Some studies have suggested that, over the long-term, CoQ10 may increase type 2 muscle fibers, which are sometimes atrophied in individuals with PPP.
The following two cases represent the first reports of apparently successful treatment of primary periodic paralysis (PPP) with CoQ10.1
A 29-year-old man is treated at a hospital in China. The patient described attacks of recurrent limb weakness starting from age 19. The attacks ranged in severity from mild to complete paralysis of all four extremities. The frequency of attacks had recently increased over the last six months, from once a month to once a week.
Apparent triggers included poor sleep and exposure to cold. Potassium levels during attacks were normal, and potassium supplementation had no effect.
Routine blood and biochemical tests were normal. Genetic testing revealed a mutation in the SCN4A gene indicative of PPP.
Prophylactic medicine was unavailable in the treating hospital, so the patient was treated with CoQ10 10 mg three times daily.

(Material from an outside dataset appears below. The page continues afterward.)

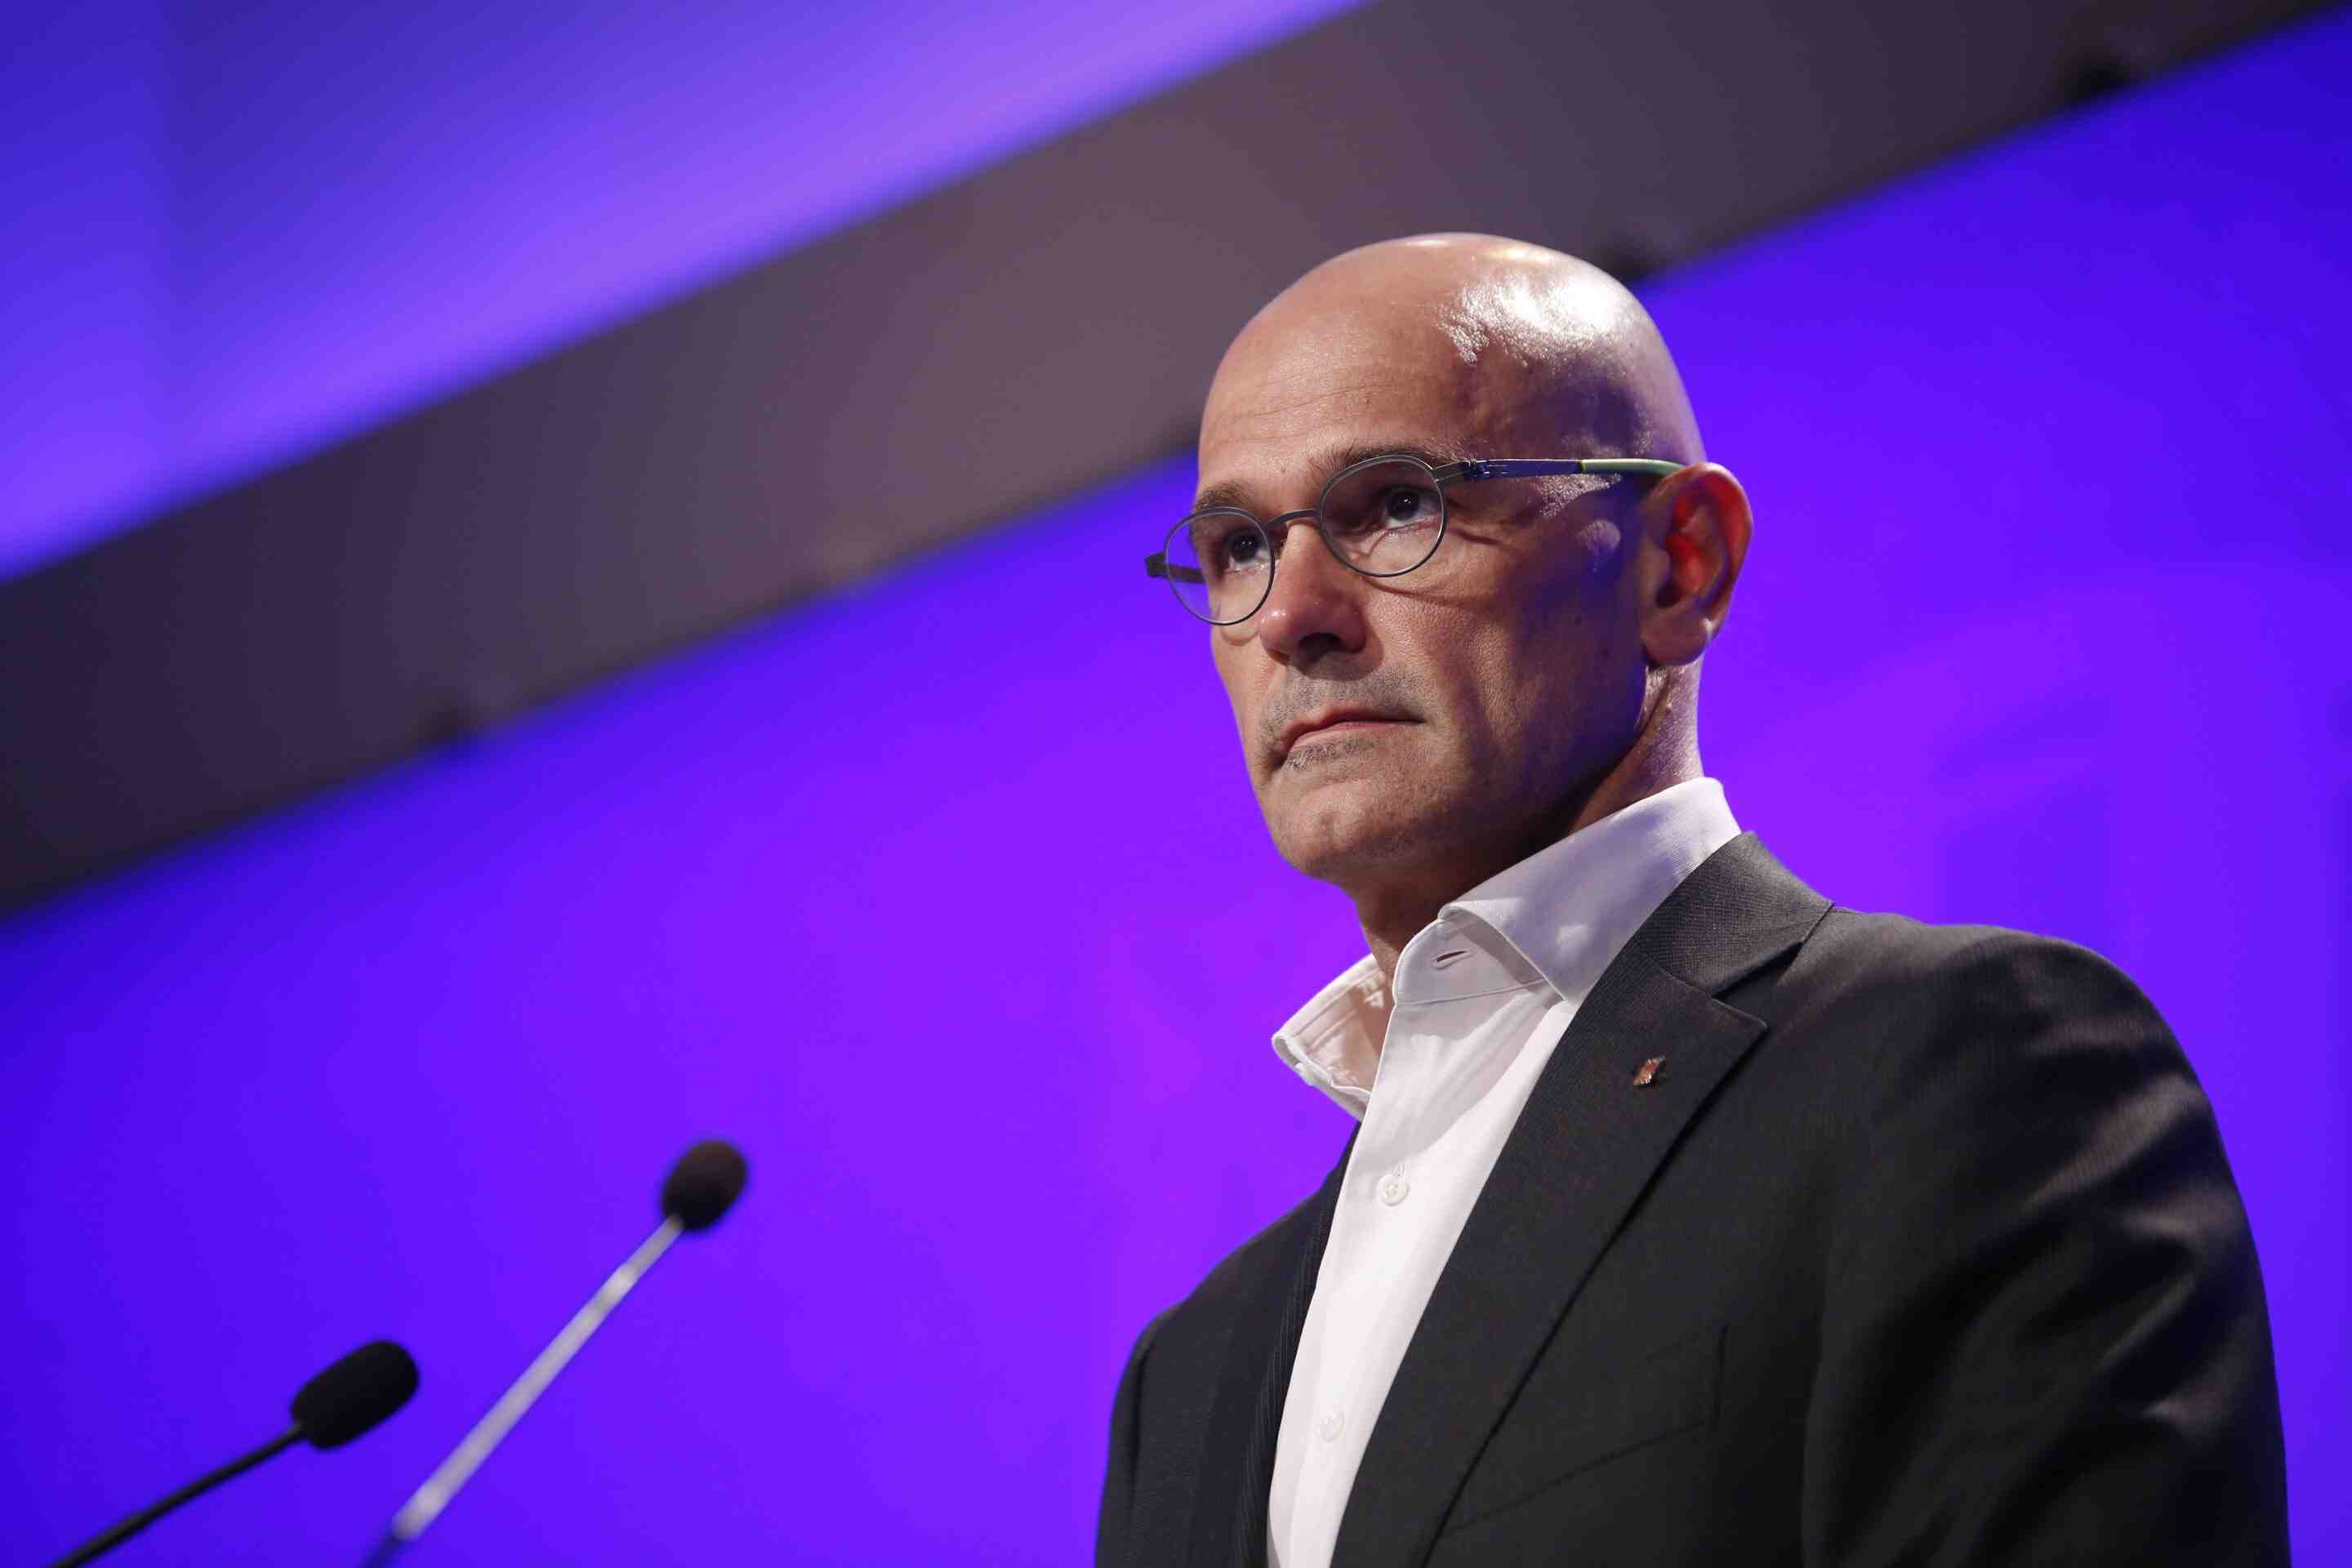 Referendum case audio | Romeva: "We were working based on a popular mandate, not a road map"

Over the subsequent three months of treatment, the patient remained asymptomatic despite exposure to known triggers.
A 50-year-old man described a history of sudden attacks of generalized muscle weakness with myalgia and stiffness, starting at age 37. The attacks had recently increased in frequency from once or twice per month to almost twice a week.
His father and two siblings had experienced similar, though less severe attacks. Potassium levels during attacks ranged as low as 2.8 mmol/L. Symptoms were alleviated with potassium administration. Thyroid function tests were normal. Long exercise test was positive. Genetic testing for CACNA1S and SCN4A mutations were negative.

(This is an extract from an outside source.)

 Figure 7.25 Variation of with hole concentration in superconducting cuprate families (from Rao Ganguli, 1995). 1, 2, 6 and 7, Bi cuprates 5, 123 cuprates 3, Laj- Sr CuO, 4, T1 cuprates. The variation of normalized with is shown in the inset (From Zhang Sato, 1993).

The man was given a trial of 30 mg three times daily idebenone (a synthetic quinone similar to CoQ10). During the subsequent one month of treatment, he remained asymptomatic.

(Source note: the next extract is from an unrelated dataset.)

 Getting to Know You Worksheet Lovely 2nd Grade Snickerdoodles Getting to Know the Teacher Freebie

Primary periodic paralysis is a rare, autosomal dominant disorder characterized by attacks of flaccid paralysis, and high or low potassium levels (though sometimes normal). The condition is caused by mutations that affect the sodium or calcium ion channels primarily in muscle cell membranes.
Both hyperkalemic and hypokalemic periodic paralysis are associated with mutations in the SCN4A gene, which codes for voltage-gated sodium channels in skeletal muscle. Hypokalemic periodic paralysis is also associated with mutations in the calcium channel gene (CACNA1S).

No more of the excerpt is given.